#93

It’s 4am here where I’m at. Wide awake, lying on a single bed of a 5-star hotel in the middle of KL. Can’t seem to fall asleep because the thought of losing my parents is horrible. And this is probably the FIFTH day of my brain making me feel all paranoid every five minutes. Two weeks since I stopped taking sertraline. Two weeks since I was prescribed with fluvoxamine and epilim. What first seemed like a mild depression, my psychiatrist now thinks it’s bipolar disorder type II.

It’s having a lot of thoughts at one time. It’s being all excited and you can do everything. It’s shopping recklessly. It’s completing a lot of tasks. It’s needing less sleep to function the whole day. Two hours of sleep daily? Aite no problem. It’s feeling like the world is finally on your side. And things decided to work the way they should be. And it’s hypomania.

And then there’s the gloomy day. The physically-tired-for-no-reason days. The days where horrendous thoughts come attacking. Remember the thing you did ten years ago? The society hates you for it. Probably you should just die. Probably you can also eliminate the person saying nasty things to you. Or maybe your parents hate you. Oh girl, now you should tell them to send you to an orphanage or just kill you so you won’t be around anymore. Guuurl, that’s extra as heck. And that.. that’s depressive days.

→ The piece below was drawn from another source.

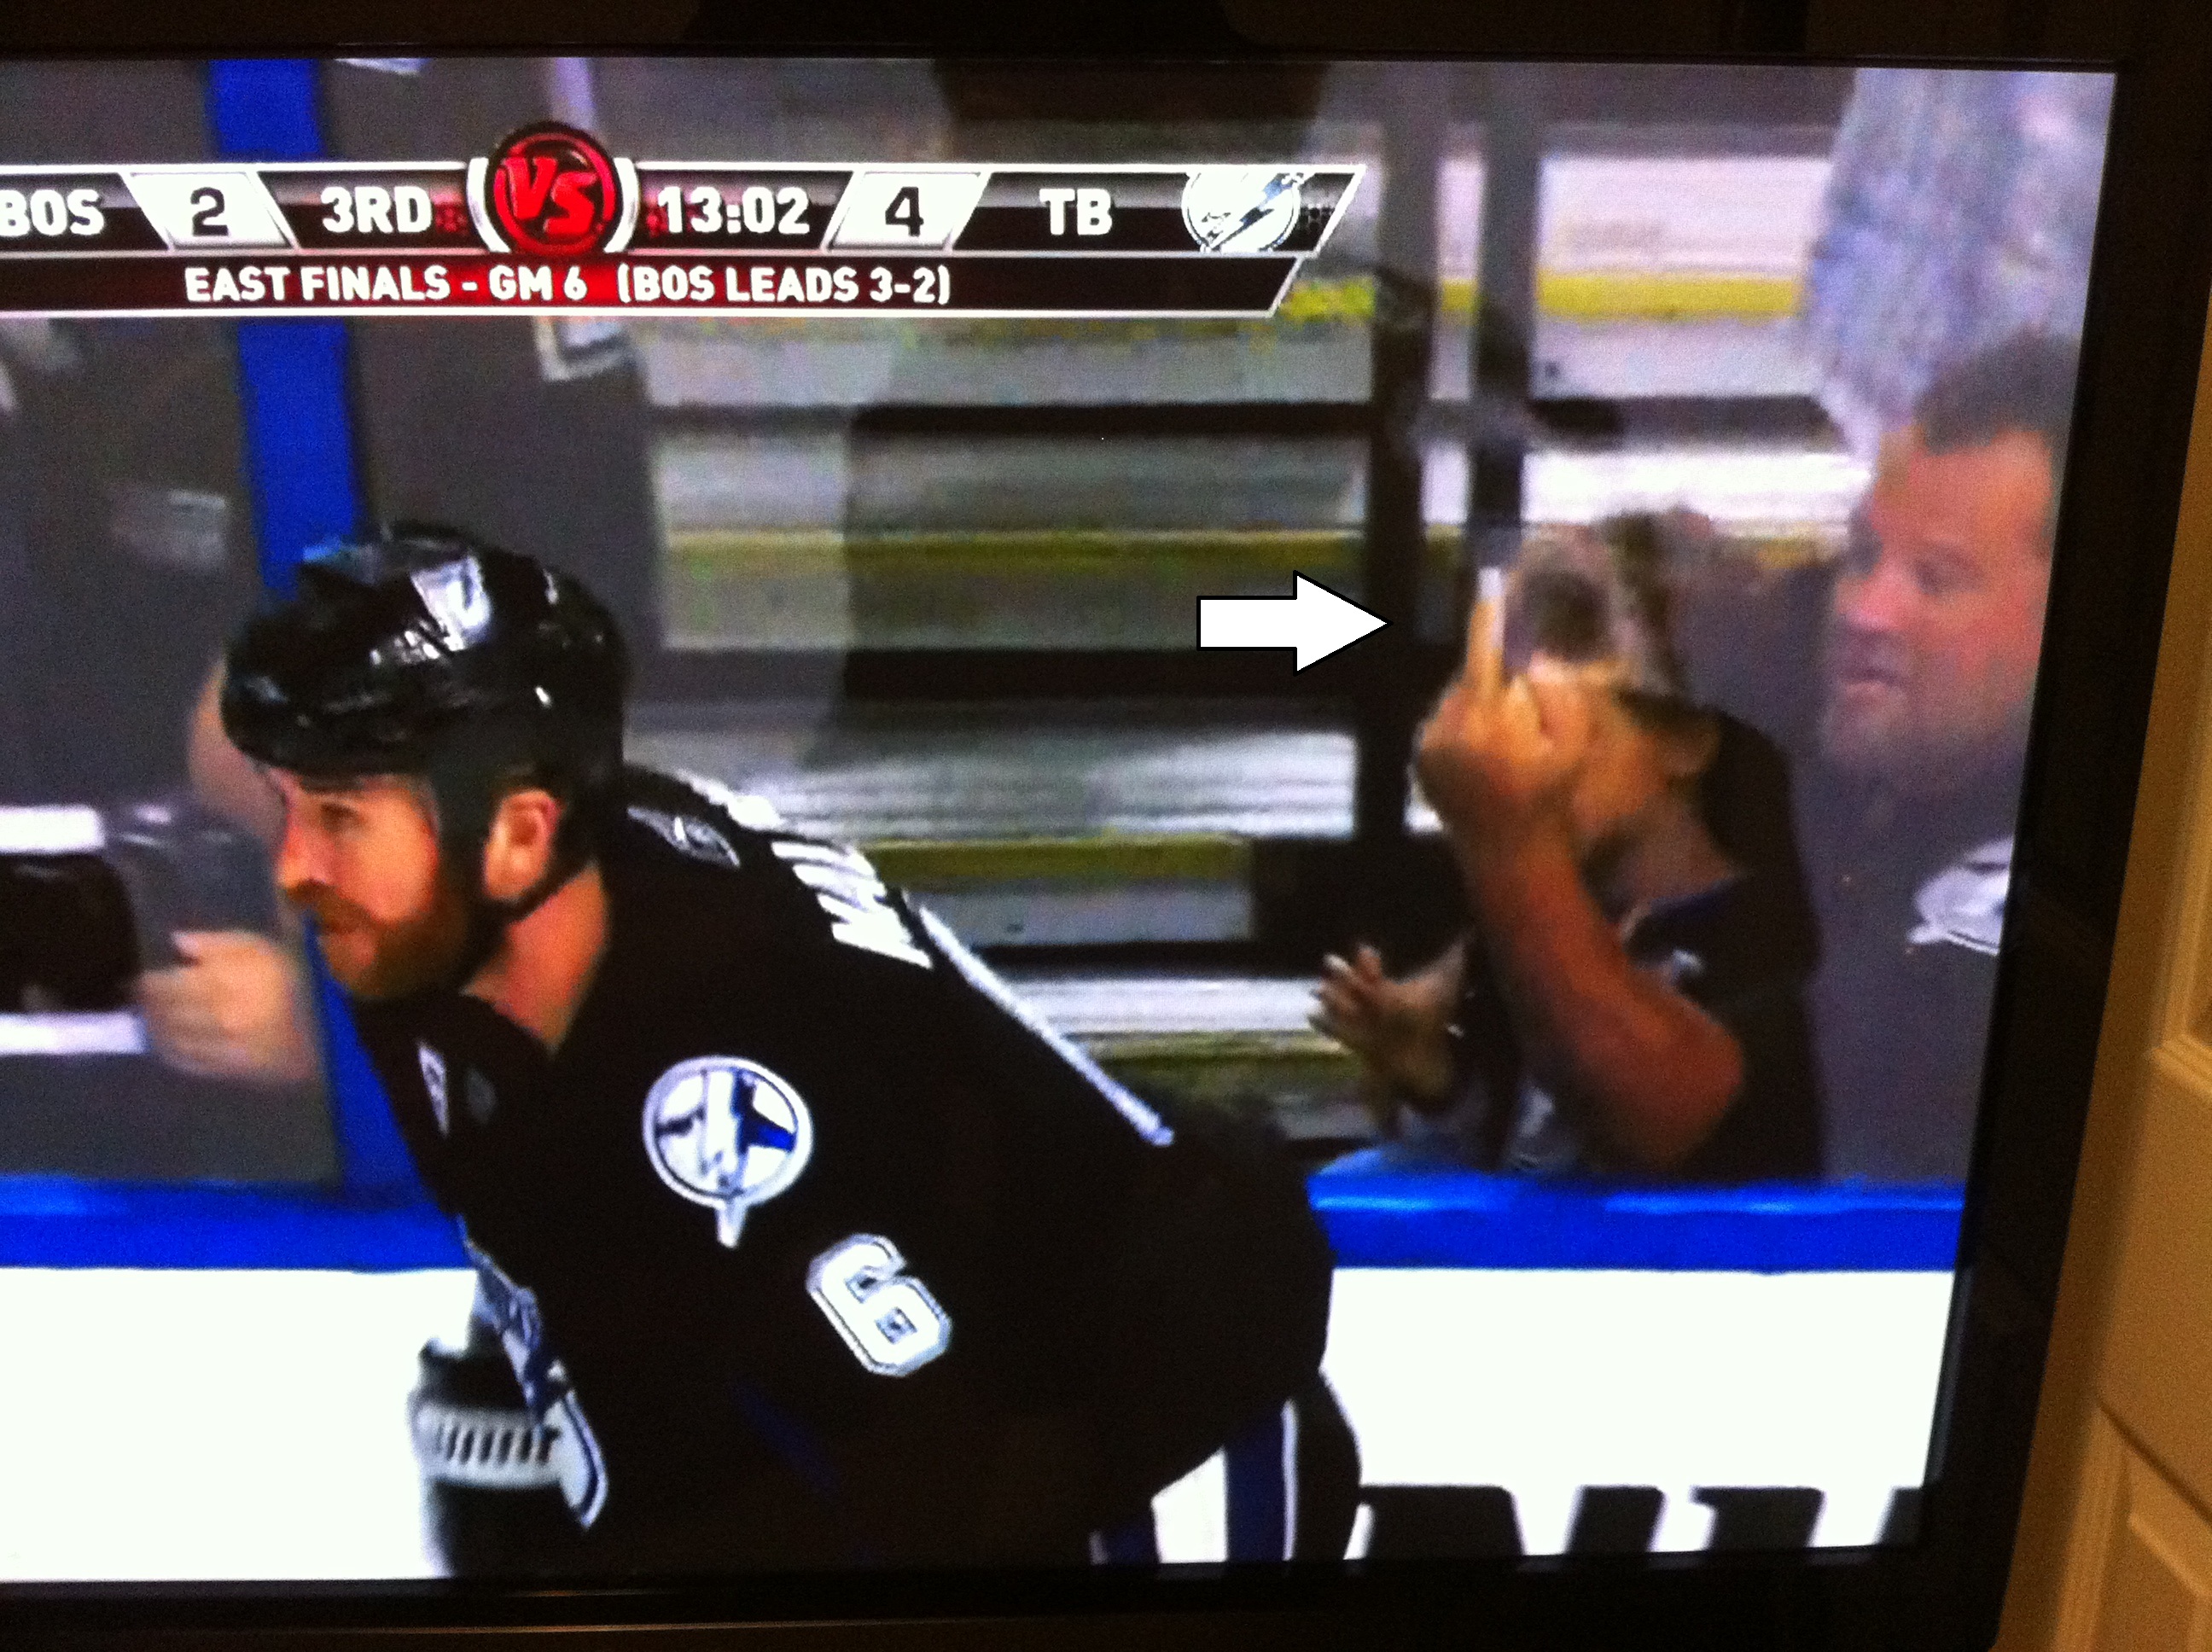 A hockey fan holds his kid in one arm while using the other to throw up a bird at a Boston Bruins player on national television during the Eastern Conference finals. Father of the year?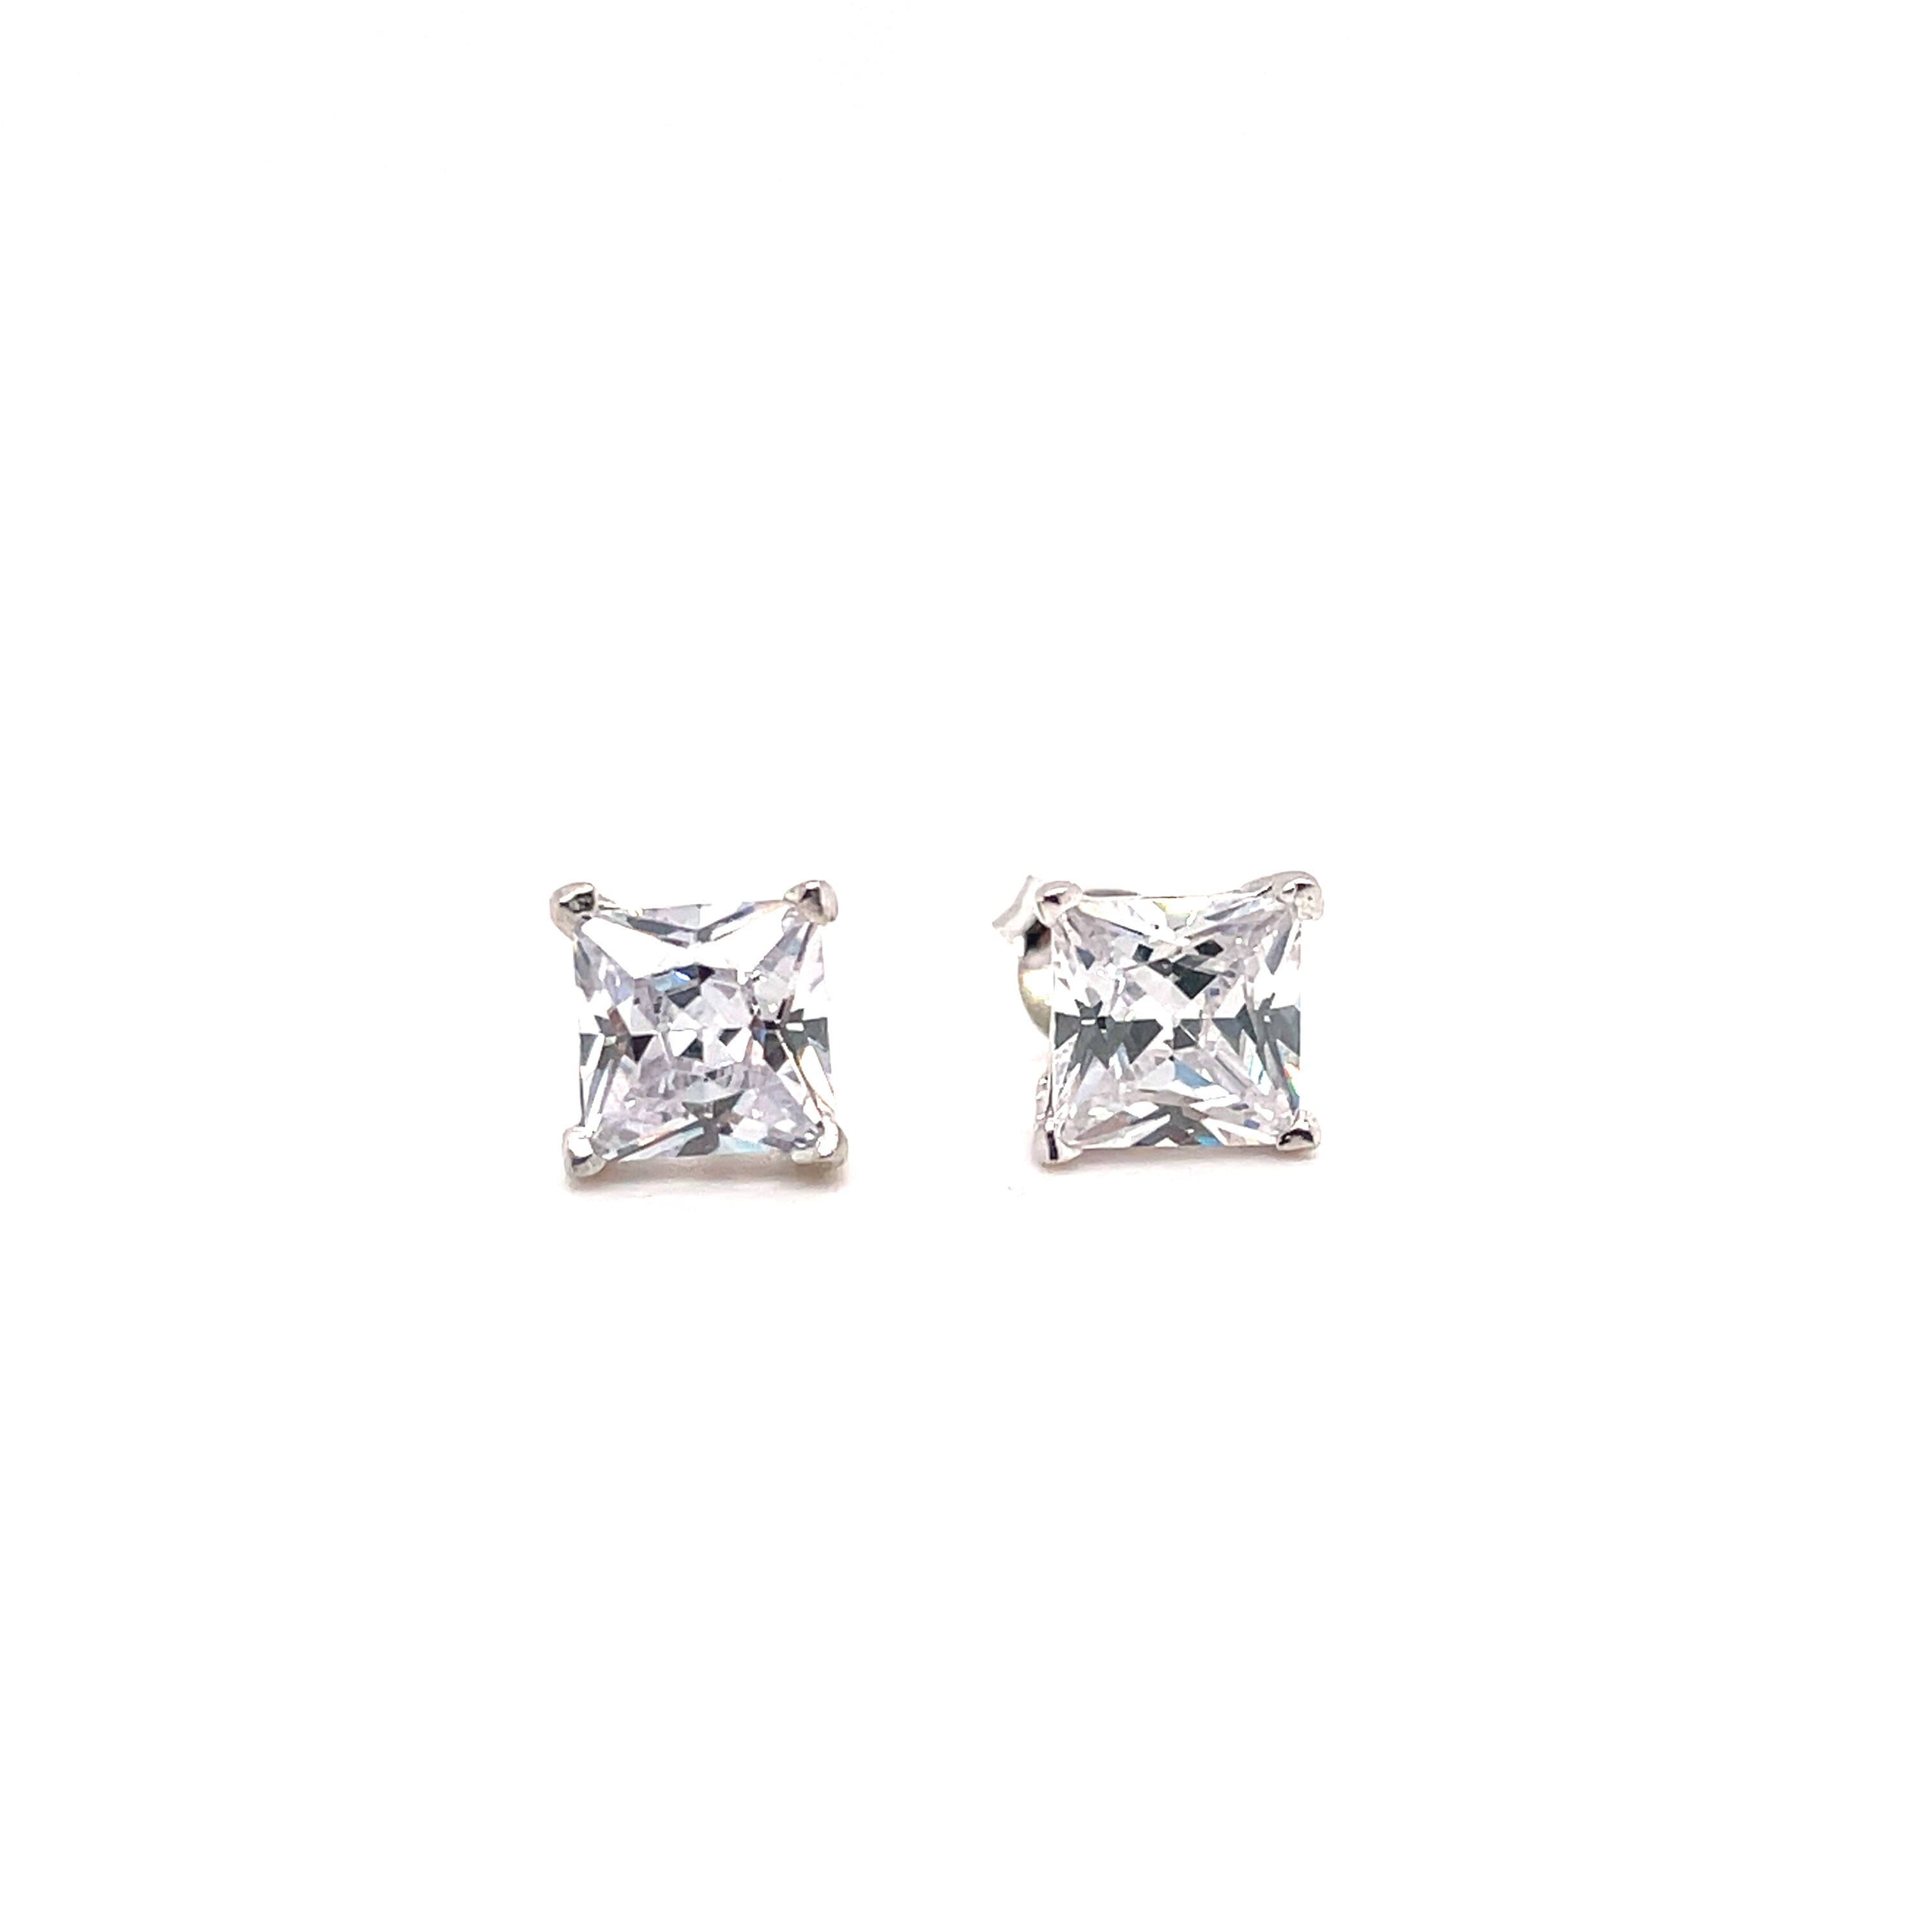 Sterling Silver Square CZ Stud Earrings - All Sizes - Hallmark Jewellers Formby & The Jewellers Bench Widnes

But everyday? Everyday it’s “but you look okay” or it’s “maybe you need to learn to be grateful”. Sometimes it comes as “some have it harder”.

I’m selfish for feeling this way. Because I was born in a good family. I had physically, mentally and financially supportive parents. I had great support system from my siblings and friends. I get to take up a course most probably thousands of students would be glad to trade places with me. Maybe I had most things. Maybe I had everything. But the one thing I do not have, is the choice to not feel what I feel. Never had and never would I choose for my serotonin and consequently my brain to function differently.